You could use these examples on TPU/GPU/CPU single-host and modify it to run on multi-host. And you could modify it to sharding-style `tiled`, `partial_replication` and `replicated`.

### Auto-Sharding
We are introducing a new PyTorch/XLA SPMD feature, called ``auto-sharding``, [RFC](https://github.com/pytorch/xla/issues/6322). This is an experimental feature in `r2.3` and `nightly`, that supports `XLA:TPU` and a single TPUVM host.

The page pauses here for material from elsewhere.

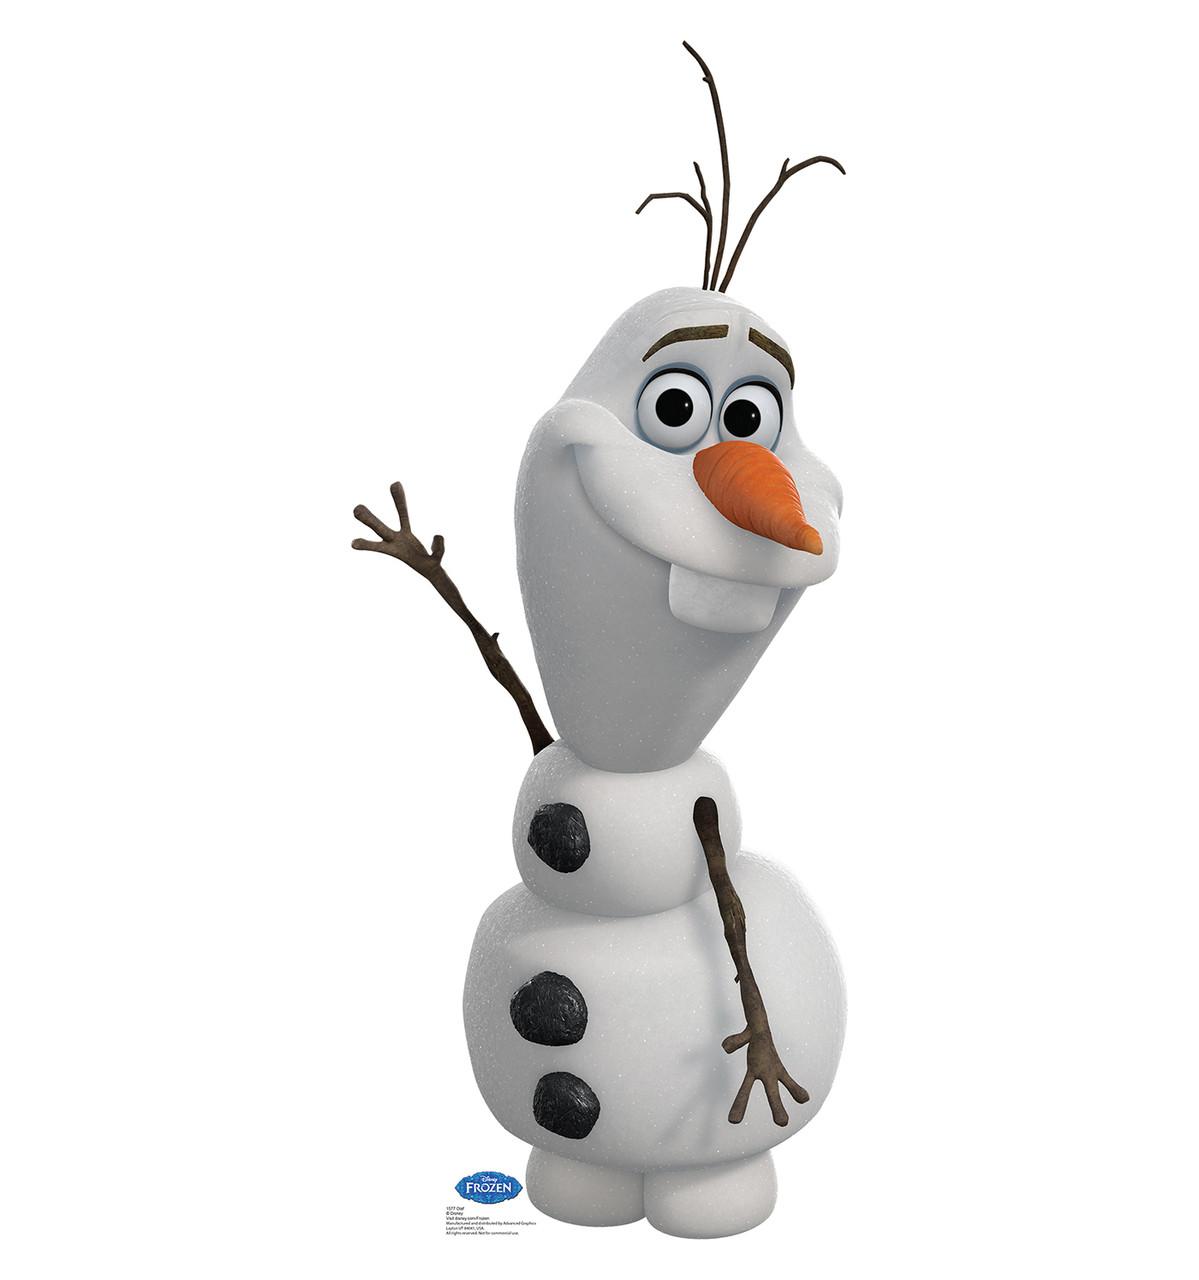 Life-size Olaf - Disney's Frozen Cardboard Standup

PyTorch/XLA auto-sharding can be enabled by one of the following:
- Setting envvar `XLA_AUTO_SPMD=1`
- Calling the SPMD API in the beginning of your code:

```python
import torch_xla.runtime as xr
xr.use_spmd(auto=True)
```
- Calling `pytorch.distributed._tensor.distribute_module` with `auto-policy` and `xla`:

```python
import torch_xla.runtime as xr
from torch.distributed._tensor import DeviceMesh, distribute_module
from torch_xla.distributed.spmd import auto_policy

device_count = xr.global_runtime_device_count()
device_mesh = DeviceMesh("xla", list(range(device_count)))

# Currently, model should be loaded to xla device via distribute_module.
model = MyModule()  # nn.module
sharded_model = distribute_module(model, device_mesh, auto_policy)
```

Optionally, one can set the following options/env-vars to control the behvaior of
the XLA-based auto-sharding pass:
- `XLA_AUTO_USE_GROUP_SHARDING`: group resharding of the parameters. Set by default.
- `XLA_AUTO_SPMD_MESH`: logical mesh shape to be used for auto-sharding. For example,
`XLA_AUTO_SPMD_MESH=2,2` corresponds to a 2-by-2 mesh with 4 global devices. If unset,
a default device mesh shape of `num_devices,1` will be used.